Re: recovering from "found xmin ... from before relfrozenxid ..." - Mailing list pgsql-hackers

From Masahiko Sawada
Subject Re: recovering from "found xmin ... from before relfrozenxid ..."
Date
Msg-id CA+fd4k7mgHGHa2UxPsAONR9WaMNJo-7ybB5iuc63J77nNzF=Mw@mail.gmail.com
Whole thread Raw
In response to Re: recovering from "found xmin ... from before relfrozenxid ..."  (Ashutosh Sharma <ashu.coek88@gmail.com>)
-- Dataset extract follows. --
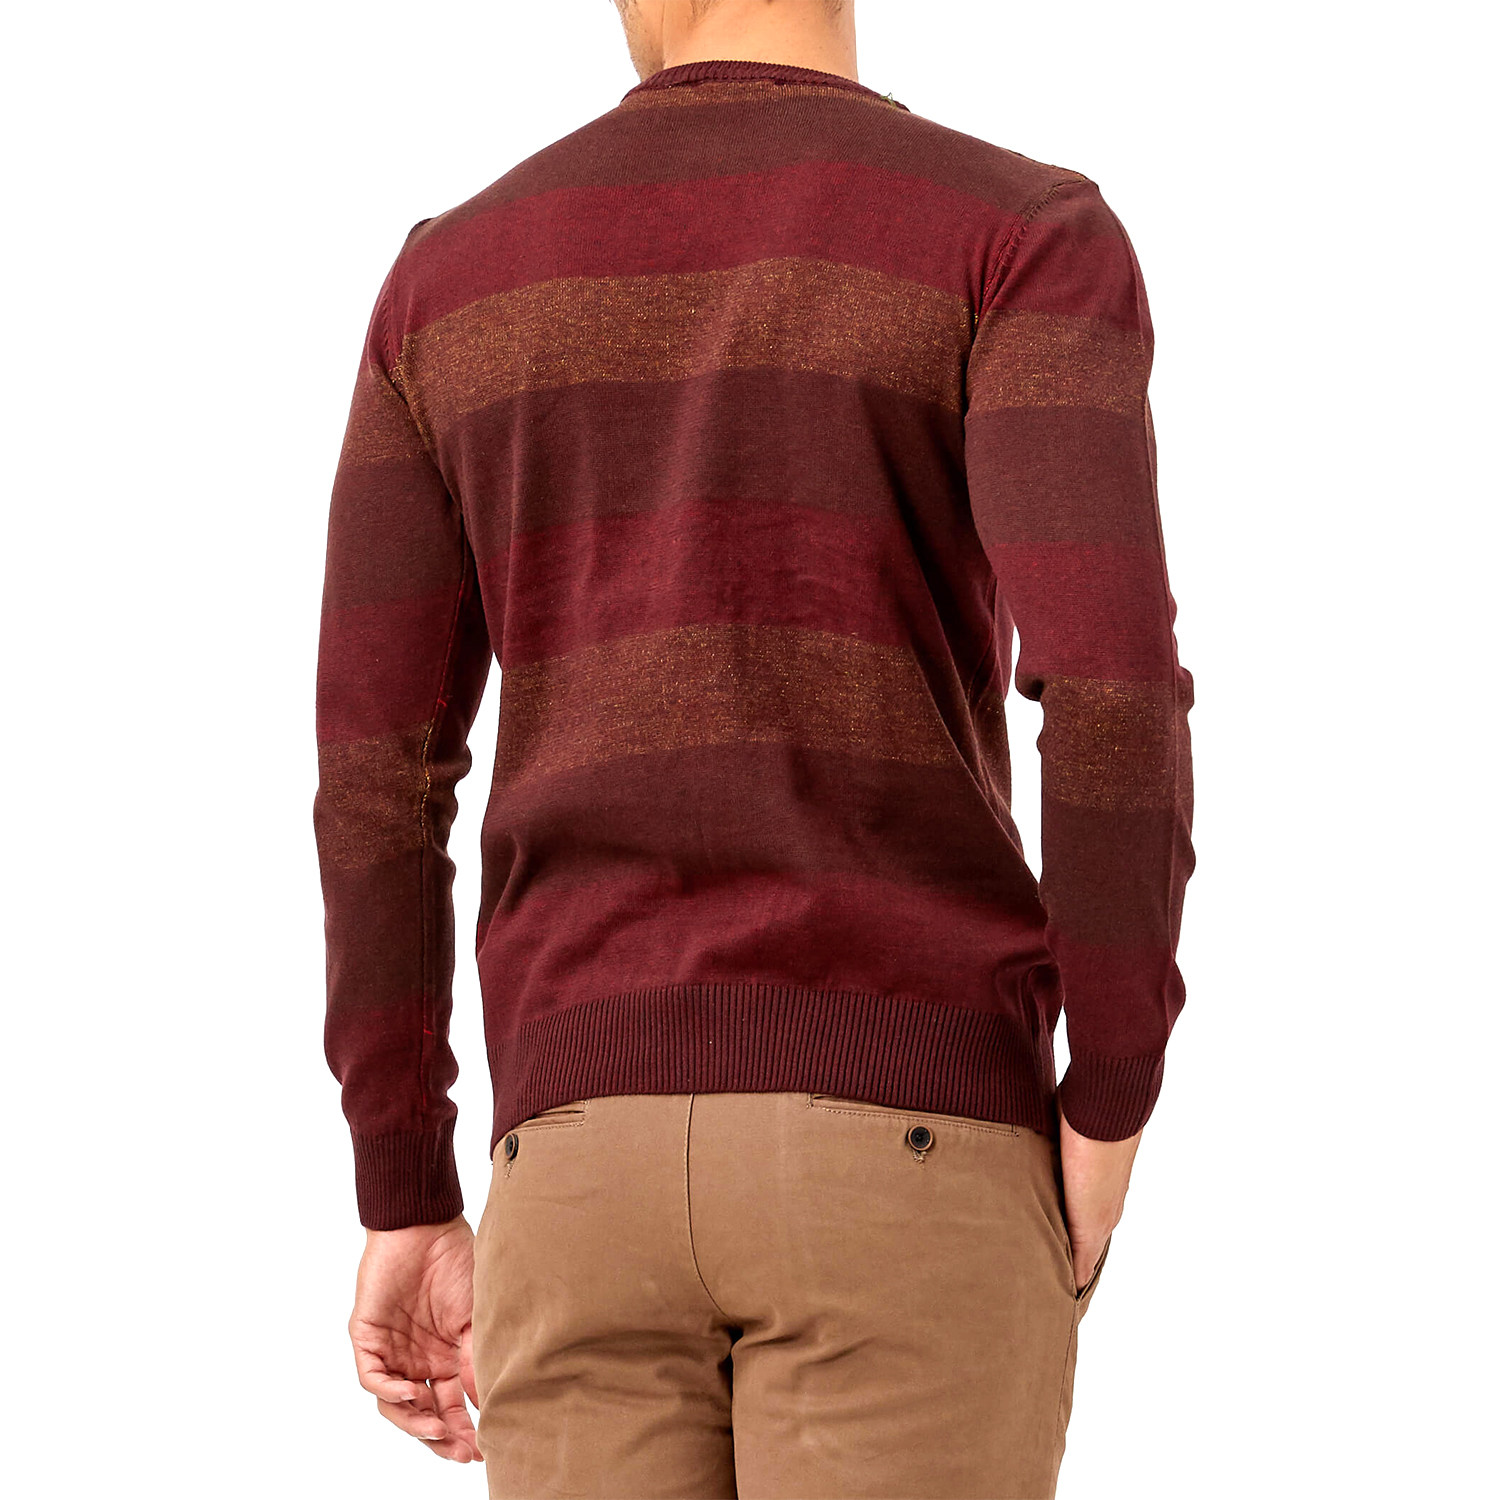 drew-sweater-claret-red-s-adze-touch-of-modern
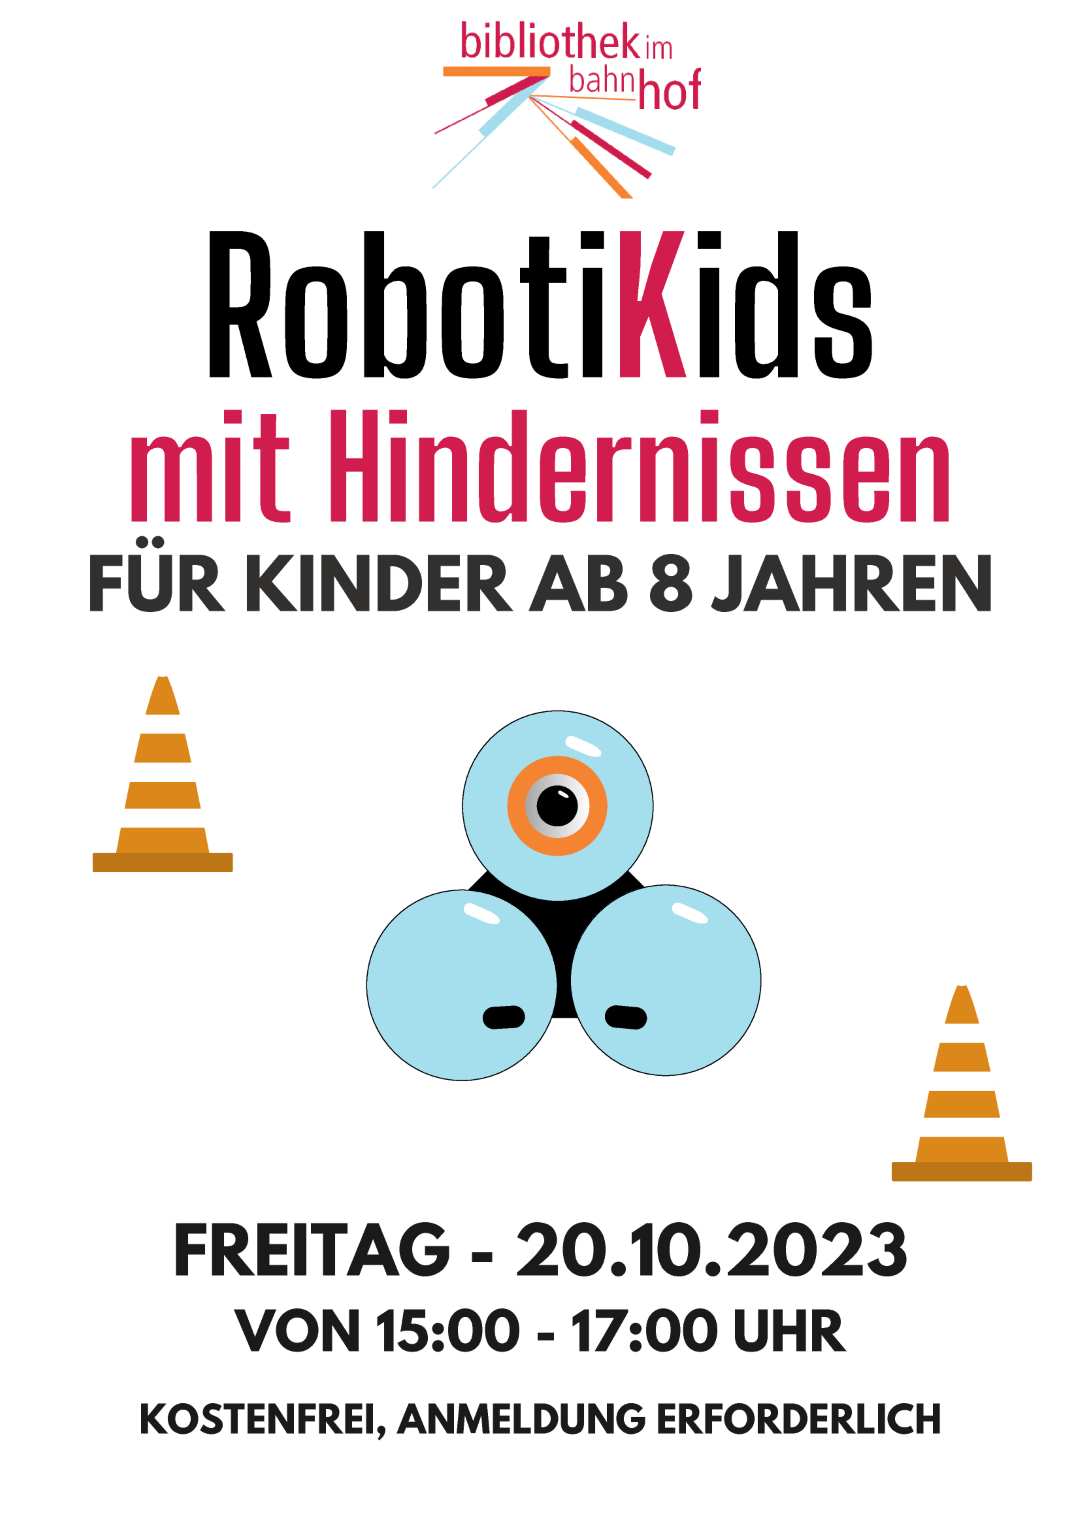 Robotic und Coding for Kids

Responses Re: recovering from "found xmin ... from before relfrozenxid ..."
List pgsql-hackers
On Wed, 12 Aug 2020 at 22:27, Ashutosh Sharma <ashu.coek88@gmail.com> wrote:
>
> Thanks Robert for the review. Please find my comments inline below:
>
> On Fri, Aug 7, 2020 at 9:21 PM Robert Haas <robertmhaas@gmail.com> wrote:
> >
> > On Thu, Aug 6, 2020 at 9:23 AM Ashutosh Sharma <ashu.coek88@gmail.com> wrote:
> > > Attached v4 patch fixes the latest comments from Robert and Masahiko-san.
> >
> > Compiler warning:
> >
> > heap_surgery.c:136:13: error: comparison of unsigned expression < 0 is
> > always false [-Werror,-Wtautological-compare]
> >                 if (blkno < 0 || blkno >= nblocks)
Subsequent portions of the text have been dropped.